Lee repays $60 million debt for year, $15.3 million more in October

By Susanna Moon

Chicago, Oct. 10 - Lee Enterprises, Inc. said it has repaid another $15.3 million of debt in the most recent quarter after paying down more than $60 million in the fiscal year ended Sept. 30.

The repayments trimmed the company's debt balance to $930.6 million, below the initial target level, according to a statement prepared for a presentation Wednesday at the Deutsche Bank 2012 Leveraged Finance Conference in Scottsdale, Ariz.

In January of this year, Lee refinanced its former term loan and revolving debt into a structure of first- and second-lien secured debt, along with a small undrawn revolver and former Pulitzer notes debt.
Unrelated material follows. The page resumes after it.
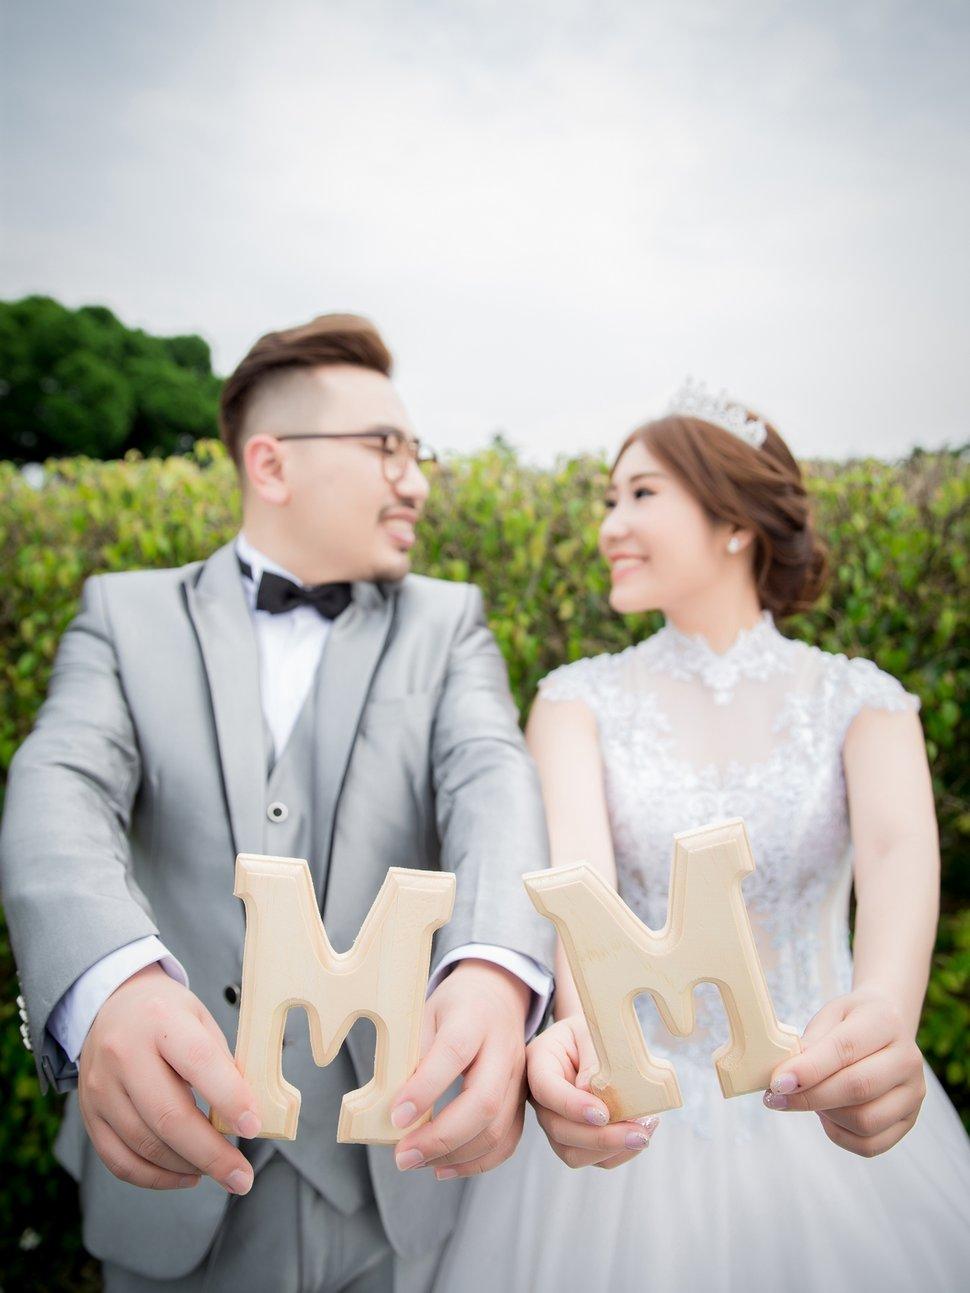 1+1手工婚紗 (6) - 1+1手工婚紗攝影工作室《結婚吧》

Lee used a voluntary pre-packaged Chapter 11 process to bind a small minority of non-consenting lenders to the terms. The agreements extend the maturity of Lee's borrowings to December 2015 and April 2017.
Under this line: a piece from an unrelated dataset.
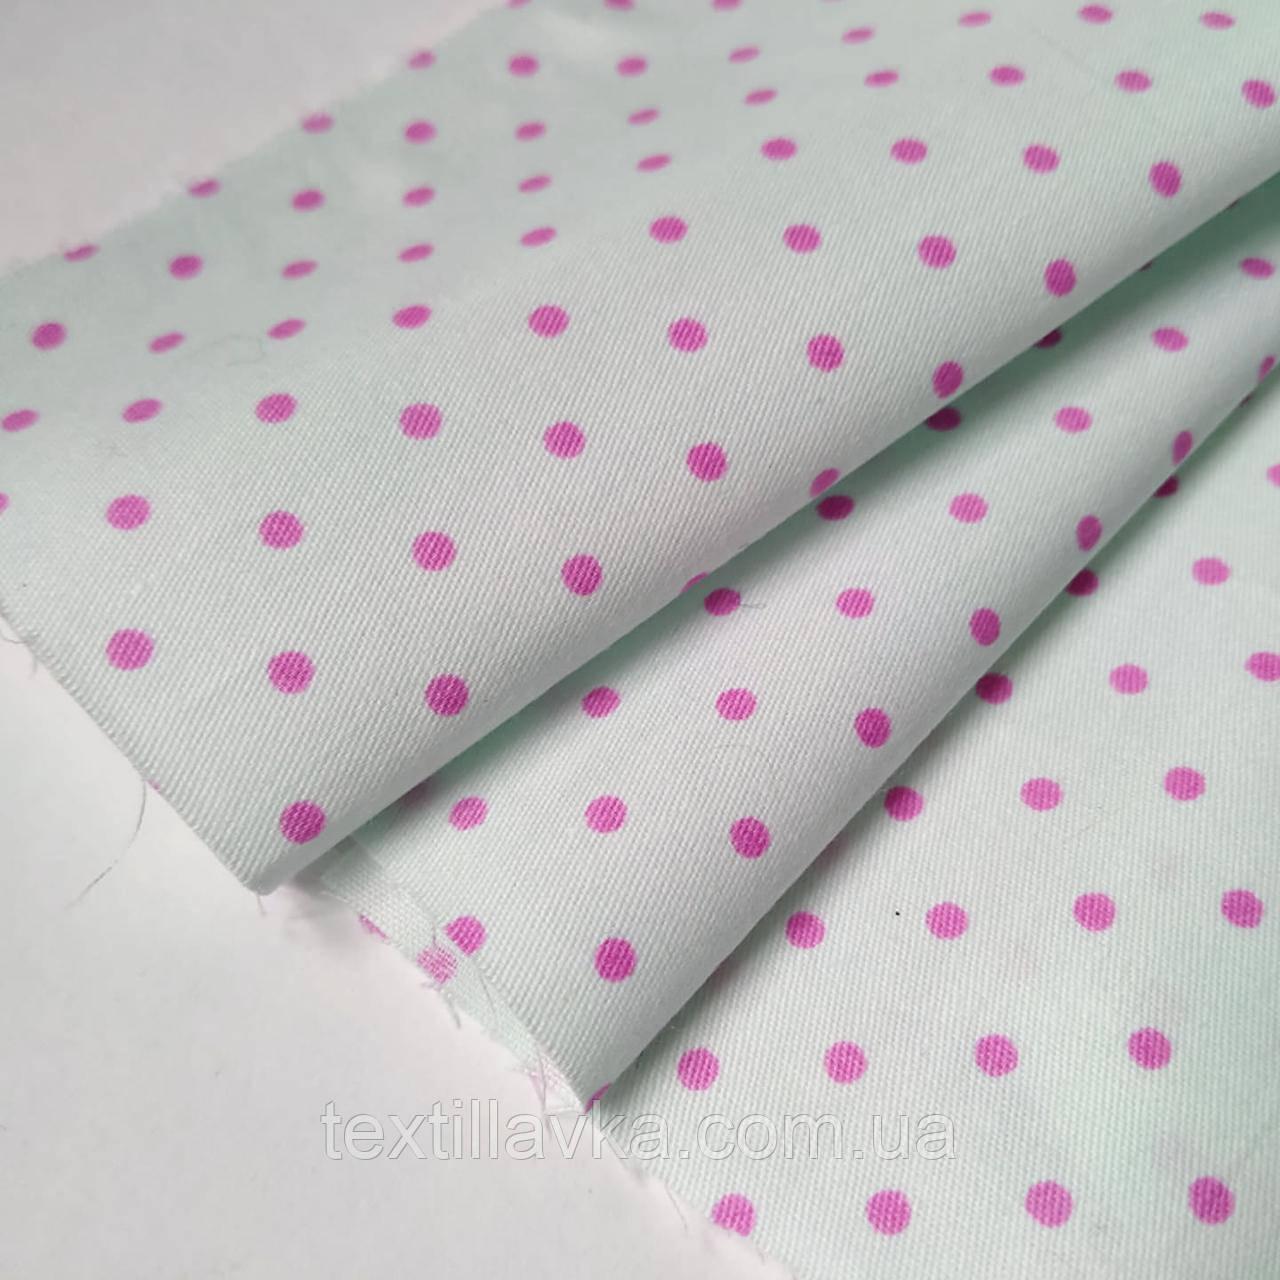 Ткань хлопок для рукоделия горошек розовый на мятном

Mary Junck, Lee's chairman and chief executive officer, and Carl Schmidt, vice president, chief financial officer and treasurer, said the company expects to keep slashing its leverage over the next few years.

In the 12 months ended June, Lee posted unlevered free cash flow of $170 million, and substantially all of that free cash flow will be used to service debt. Lower cash levels and selective asset sales have contributed to the acceleration in debt repayment, the release noted.

Lee said it expects that higher interest costs from refinancing and the tax treatment of recently refinanced debt will result in minimal cash taxes going forward.

Lee is a Davenport, Iowa-based print and digital provider of local news, information and advertising. Lee's reorganization plan became effective as of Jan. 30 as expected. The court confirmed the company's pre-packaged reorganization plan on Jan. 23.